In what Green party politician Renate Ackermann called a "cloak-and-dagger operation," the authorities forced the man to leave his wife in hospital and two youngest children in foster care.

The woman, who is still being treated for post traumatic stress after having been repeatedly raped by Russian soldiers in the war-torn region of Chechnya, had left her two youngest children aged one and two with friends. After their father and siblings were deported on April 10, the two children were placed with a German foster family.

The man, whose family had come to Germany via Poland, was sent back to a Polish refugee detention centre together with his eldest children, aged between seven and 12. The family had moved on from Poland because they feared anti-Russian discrimination there and because Germany guarantees psychiatric care for refugees.

In a debate on a motion in the Bavarian parliament on Wednesday critics said immigration officials had failed in their duty to keep the family together during deportation, wrote the paper. Politicians unanimously supported the motion calling for the family to be reunited in Germany.

The Ausländeramt immigration authority in Ansbach denied any wrongdoing and said it had only been carrying out a deportation order by Federal Office for Migration and Refugees (BAMF).

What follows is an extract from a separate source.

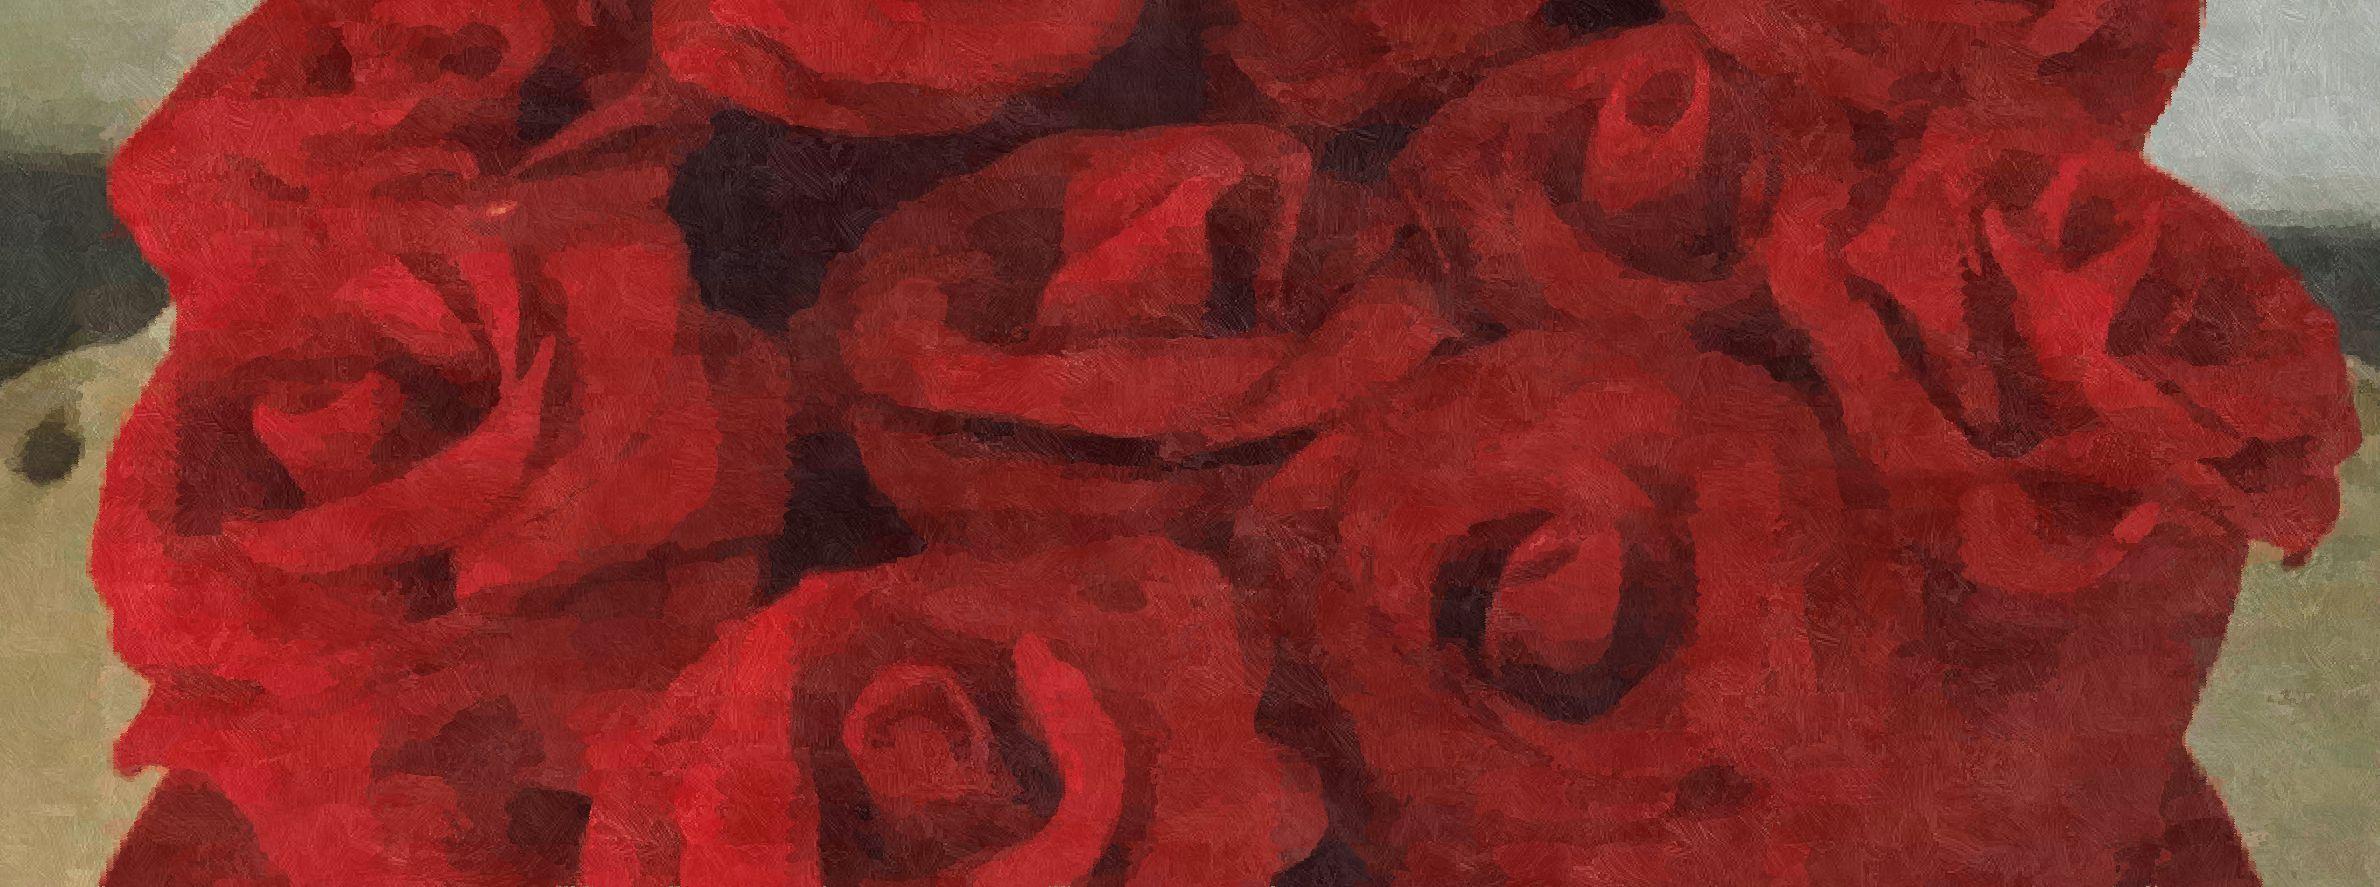 Romántico corazón de rosas

A state Interior Ministry legal expert said the authority "in no way acted improperly" in terms of the law, but critical politicians said that although nothing illegal had occurred, authorities could have chosen to act differently for humane reasons.

MPs from the opposition Social Democrats (SPD) and ruling Free Democrats (FDP) called the move "inhumane" and pointed out that there had been no rush to deport the family, as the deadline set by BAMF was June 11, the paper said.